NOTE: this is basically the current workaround I ended up going for, except that I use the
isLive()
mechanism from dead-stripping. -
Some other idea?
- maybe just add a few extra checks to the known crashy places to see if the symbols refer to a deleted section? sounds very fragile
These mentioned workarounds only work if the symbols are not actually referenced in relocations.
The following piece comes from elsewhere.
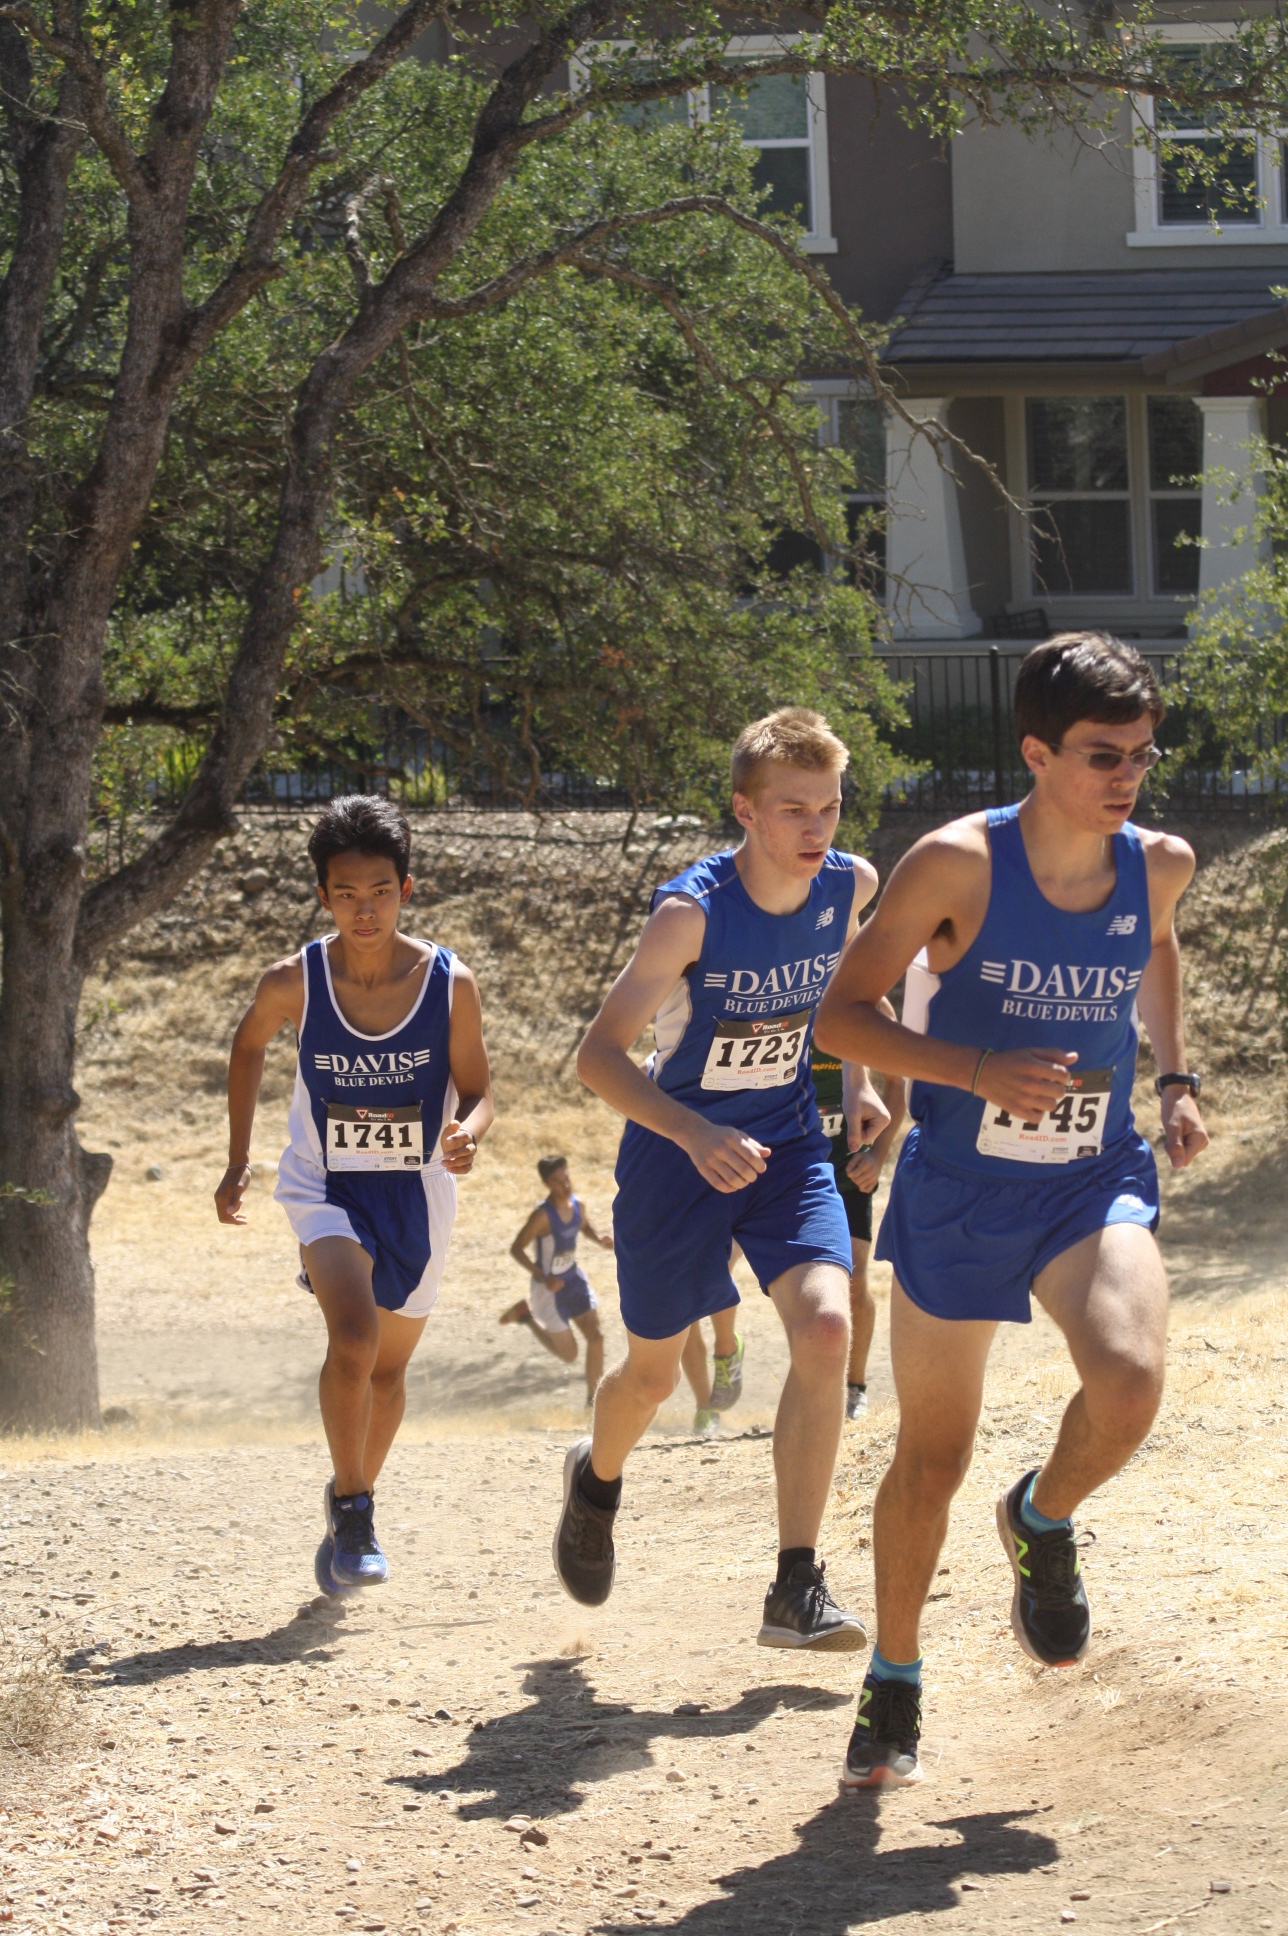 JV runners junior Perry Winsor, junior Stephen Nichols and senior Kyle Tran pace with each other during the first portion of the race.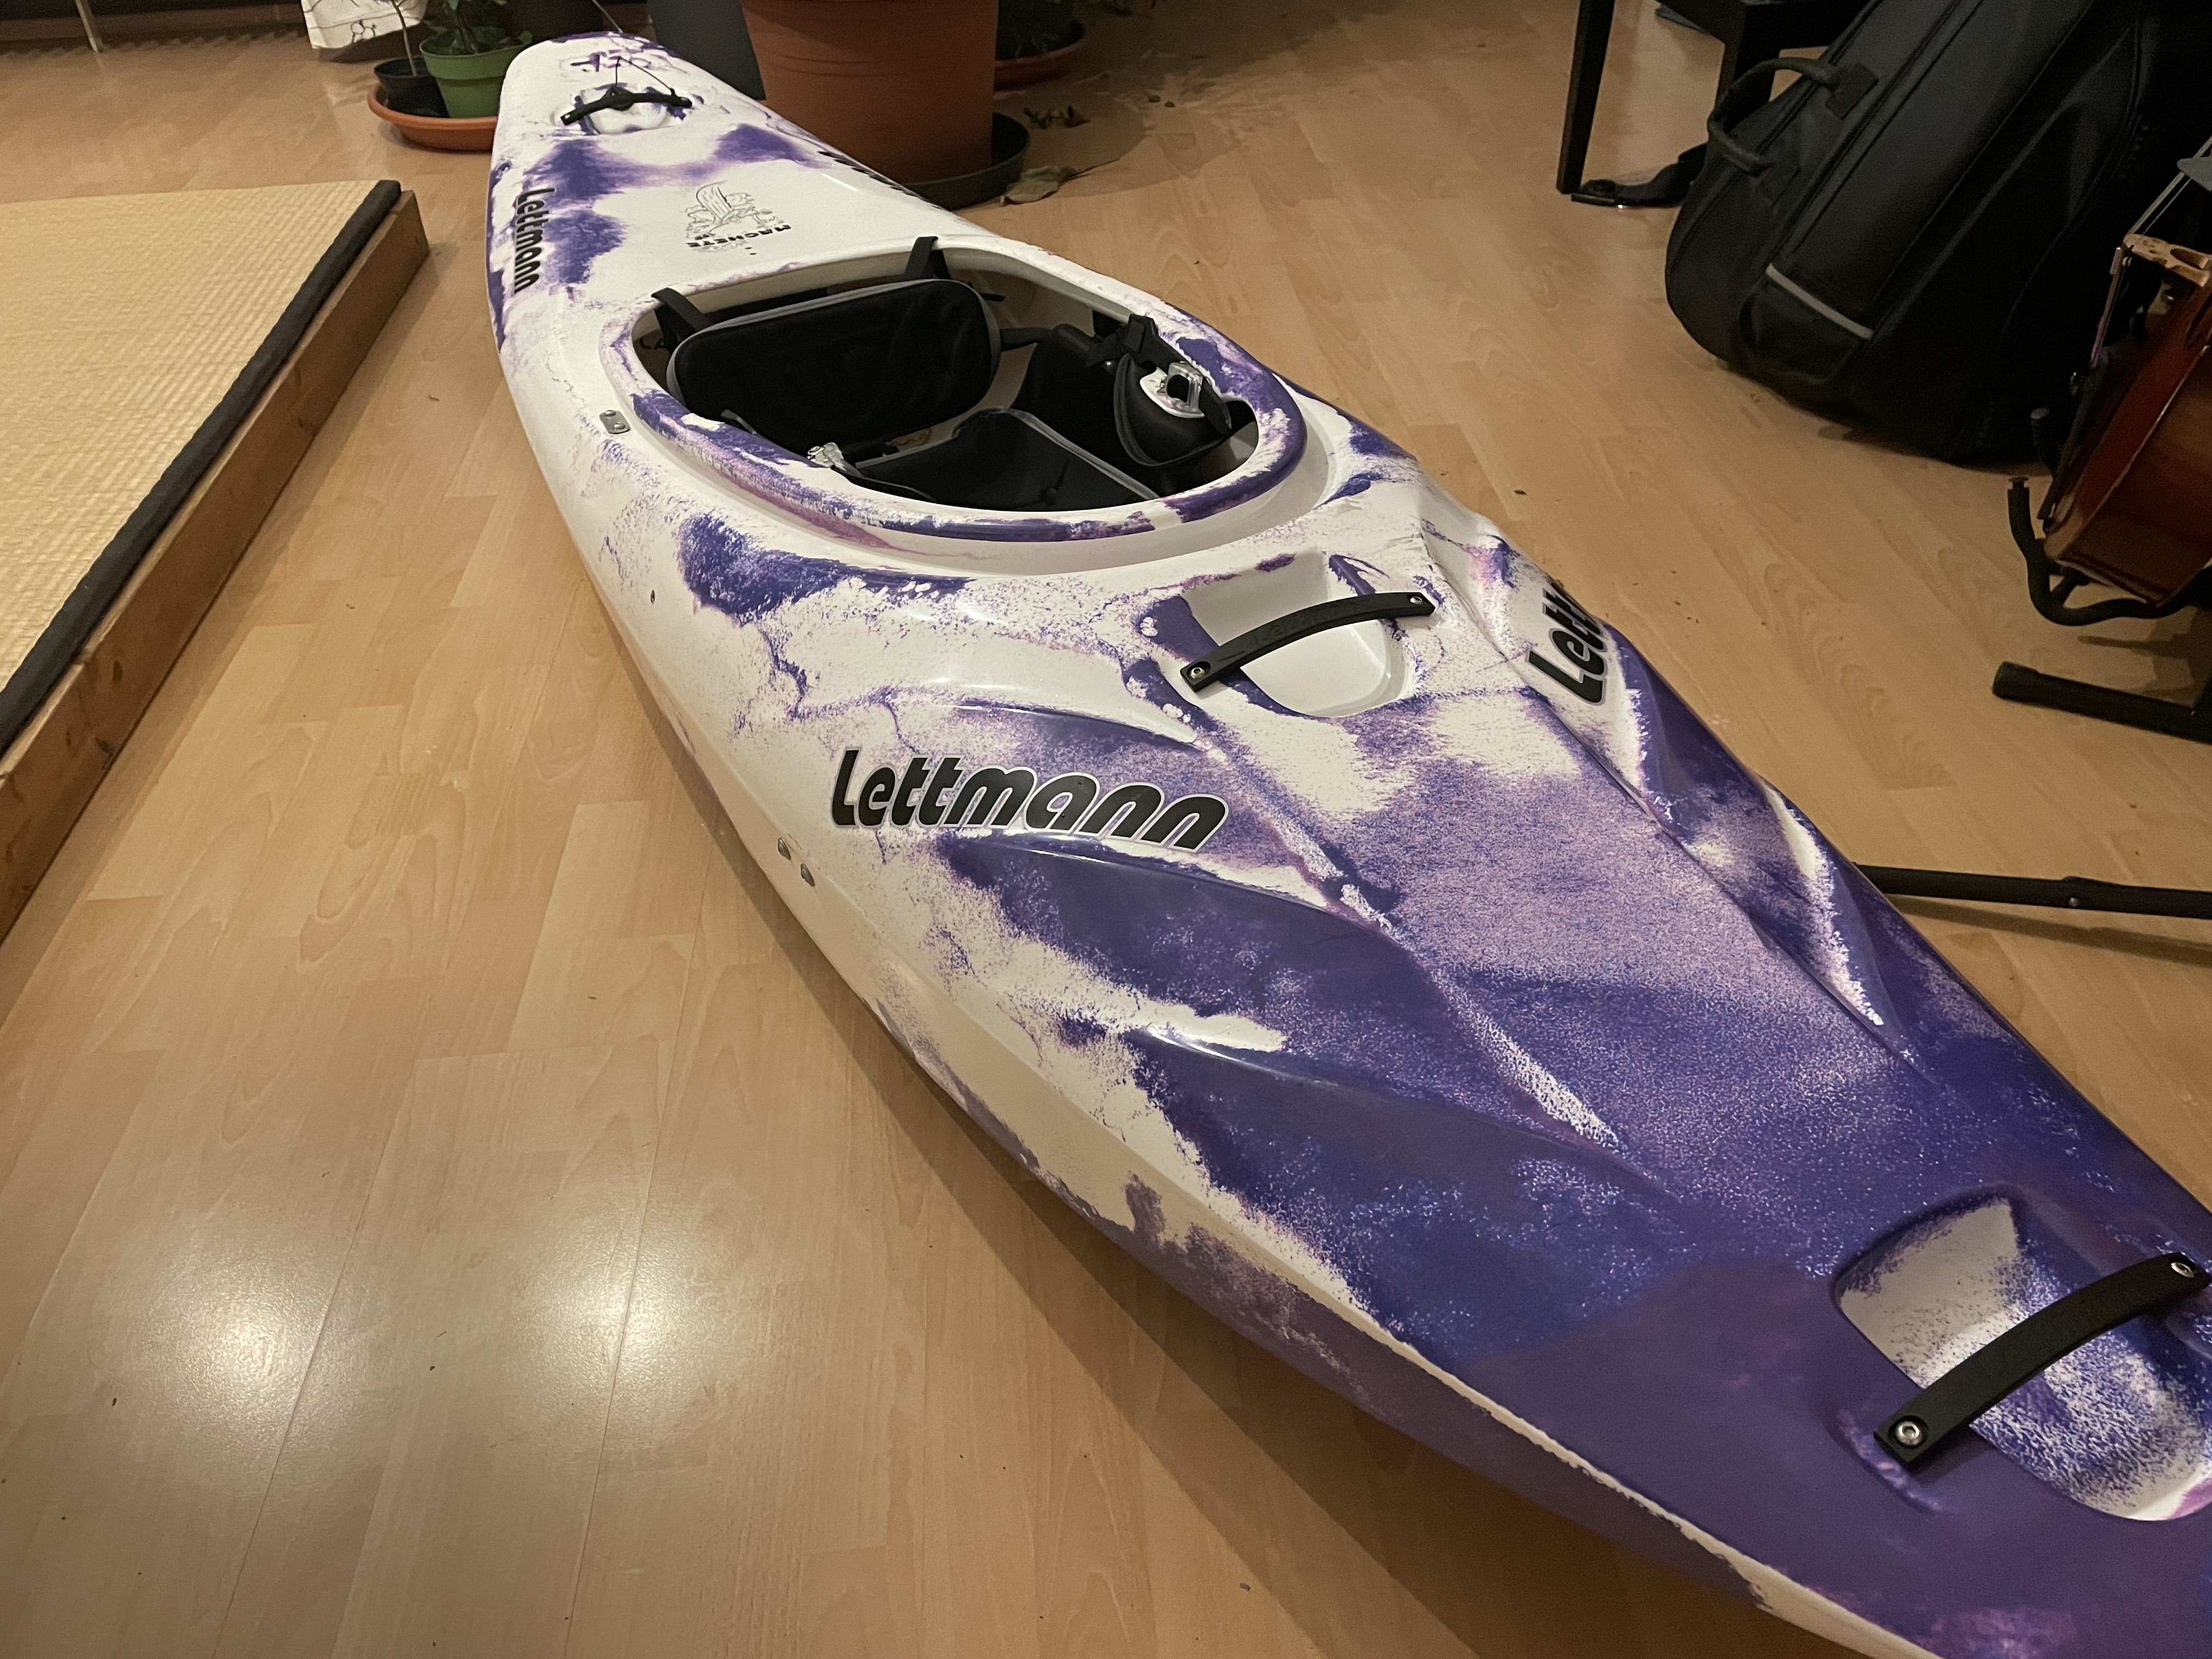 A new whitewater kayak, a Lettmann Machete in purple and white, sitting in our living room

If they are, we get different (but equally undesirable) behaviors.
; test.s
.globl _main
.text
_main:
leaq _init_slot(%rip), %rax
.section __DATA,__mod_init_func,mod_init_funcs
_init_slot:
.quad _main
ld64 crash
❯ clang test.s -Wl,-ld_classic
ld: warning: alignment (1) of atom '_init_slot' is too small and may result in unaligned pointers
0 0x10659e807 __assert_rtn + 137
1 0x1065a79e3 ld::tool::OutputFile::addressOf(ld::Internal const&, ld::Fixup const*, ld::Atom const**) (.cold.1) + 35
2 0x1063fc5e4 ld::tool::OutputFile::addressOf(ld::Internal const&, ld::Fixup const*, ld::Atom const**) + 116
3 0x1063fd087 ld::tool::OutputFile::applyFixUps(ld::Internal&, unsigned long long, ld::Atom const*, unsigned char*) + 599
4 0x106405818 ___ZN2ld4tool10OutputFile10writeAtomsERNS_8InternalEPh_block_invoke + 504
5 0x7ff815881def _dispatch_client_callout2 + 8
6 0x7ff815893547 _dispatch_apply_invoke3 + 431
7 0x7ff815881dbc _dispatch_client_callout + 8
8 0x7ff81588304e _dispatch_once_callout + 20
9 0x7ff815892740 _dispatch_apply_invoke + 184
10 0x7ff815881dbc _dispatch_client_callout + 8
11 0x7ff8158912ca _dispatch_root_queue_drain + 871
12 0x7ff81589184f _dispatch_worker_thread2 + 152
13 0x7ff815a1fb43 _pthread_wqthread + 262
A linker snapshot was created at:
/tmp/a.out-2024-06-25-091629.ld-snapshot
ld: Assertion failed: (_mode == modeFinalAddress), function finalAddress, file ld.hpp, line 1413.
ld_prime broken (?) binary
❯ clang test.s -Wl,-ld_new
❯ objdump -d a.out
a.out: file format mach-o 64-bit x86-64
Disassembly of section __TEXT,__text:
0000000100000f9d <_main>:
100000f9d: 48 8d 05 5c f0 ff ff leaq -4004(%rip), %rax ## 0x100000000
# Relocation refers to the beginning of the file, `__mh_execute_header`???
Additional questions
There have been other similar transformations added recently: ObjC relative method lists, (etc?). Could we theoretically encounter a similar scenario there?